Image('images/feature_map_mod.jpg')

Out[16]:

Now suppose that the image is not flat and that is has 3 color channels. Each filter must account for the channels as well.

In [17]:

Image('images/conv_stride.jpg')

Out[17]:

Now suppose that we have a $7x7$ image and a $3x3$ filter the output will be a $5x5$ activation map. If we use a stride of $2$ the output will be a $3x3$ activation. If we apply a stride of $3$ the filter doesn't fit. In practice the resulting image size is given by $(N-F)\, /\, \text{stride} + 1$.

In [18]:

Image('images/conv_padding.jpg')

Out[18]:

In order to maintain the same image size, it is usual practice to apply padding. In pratice we add pixels to the side of the image. For example with stride one we pad with one pixel (we set it to $0$) and the output size is the same as input size ($7x7$)

In [19]:

Image('images/cnn.jpeg')

Out[19]:

Suppose input volume is $32x32x3$ and we have $10$ $5x5$ filters with stride $1$, pad $2$, what is the otput volume size? What is the number of parameters in this layer?

1.2 Pooling layers¶

In addition to the convolutional layers just described, convolutional neural networks also contain pooling layers. Pooling layers are usually used immediately after convolutional layers. What the pooling layers do is simplify the information in the output from the convolutional layer. Pool layers perform a downsampling operation along the spatial dimensions (width, height), resulting in volume such as $[14x14x32]$.

Max pooling outputs the maximum of the input in each region of a predefined size (here $2×2$). The stride argument controls by how much we slide the pooling grids across the picture. Setting the pooling to a $2×2$ grid with strides equal $2$ means that the output of the pooling will be exactly one-half of the height and width of the original, and in total one-quarter of the size.

In [20]:

Image('images/maxpool.jpeg', width=600, height=600)

Out[20]:

The main motivations for this function are both technical and theoretical. For the technical aspect, pooling reduces the size of the data to be processed and in turn it reduces the number of overall parameters in the model, especially if we use fully connected layers after the convolutional ones.
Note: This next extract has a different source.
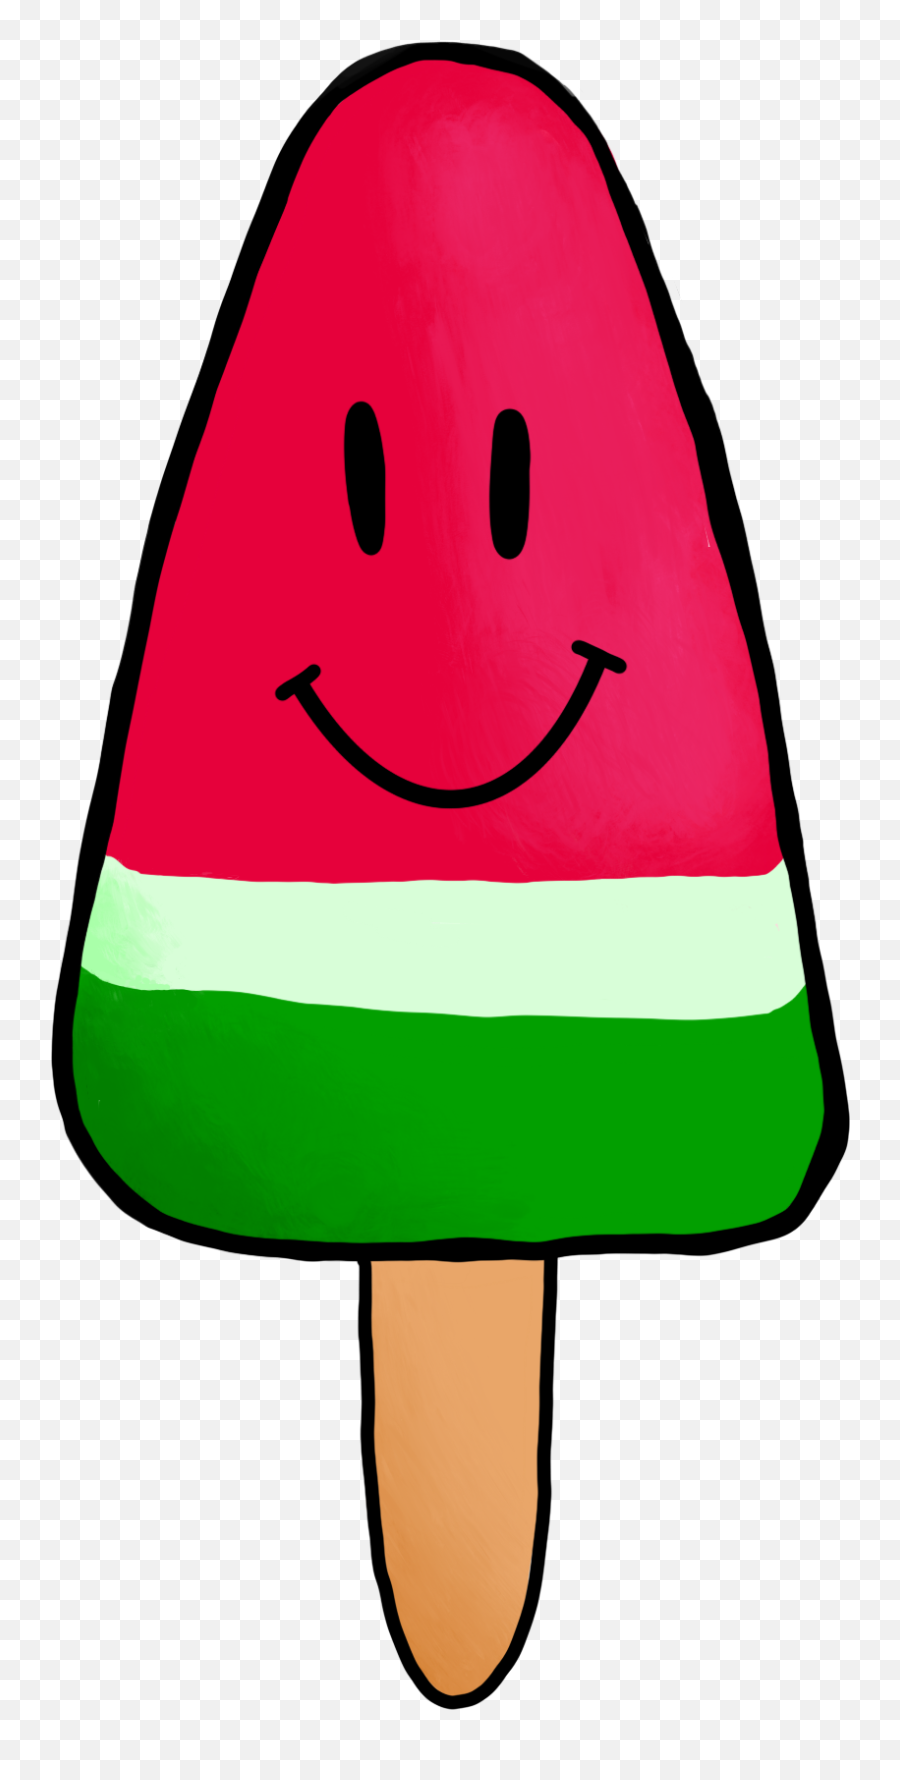 Smiley Watermelon Lolly Watermelon Lollies Cute - Girly Emoji,Emoticon Vids Rap Eminem New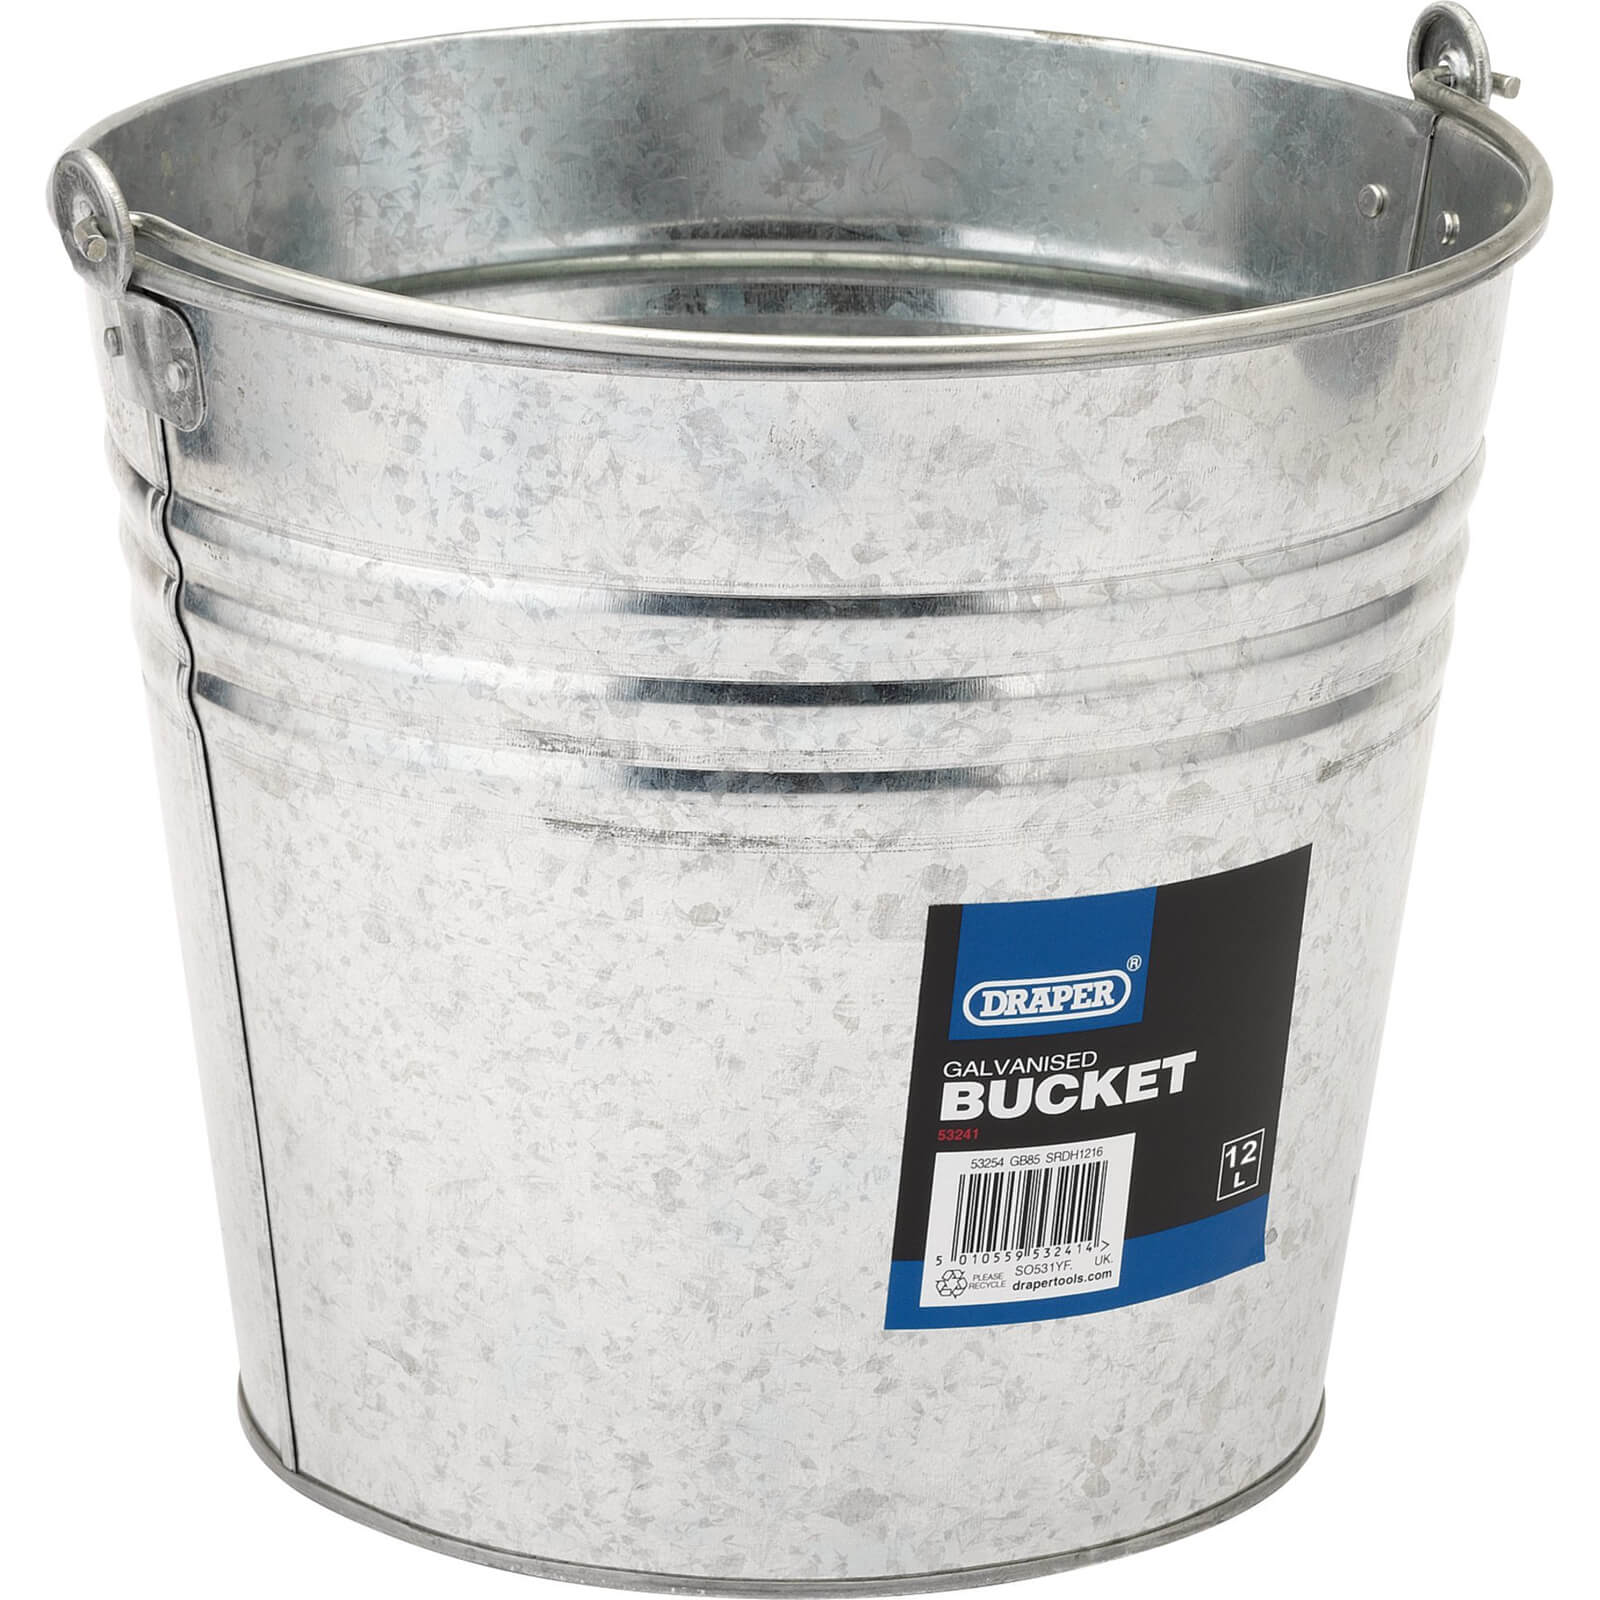 Image of Draper Galvanised Steel Bucket

The theoretical aspect instead is that we would like the feature maps not to care about small changes in position in an image. For instance, a feature looking for eyes in the top-right part of an image should not change too much if we move the camera a bit to the right when taking the picture, moving the eyes slightly to the center of the image. Aggregating the feature maps spatially allows the model to overcome such variability, capturing some form of invariance. Pooling works only spatially it does not reduce depth. For example if we apply pooling at a feature map with size $224x224x64$ we get $112x112x64$

The backward pass for a max(x, y) operation only routes the gradient to the input that had the highest value. During the forward pass of a pooling layer it is common to keep track of the index of the max activation so that gradient routing is efficient during backpropagation.

1.3 Visualization¶

Now let's see how a Convolutional Neural Networks sees the world.

In [21]:

YouTubeVideo('wO6AAq3uE-w', width=600, height=450)

Out[21]:

1.4 Regularization¶

There are various way to regularize a Neural Network, we introduce some of the most used method here. Standard method to reduce weights magnitude such applying a norm can be used in this context. However there are few methods that are more suitable. One of the simplest and widely used methods for regularization is Early Stopping.

In [22]:

Image('images/early_stopping.png')

Out[22]:

In practice at every iteration it controls the error on the validation set and stops learning when the error stops improving, while training error continue to decrease.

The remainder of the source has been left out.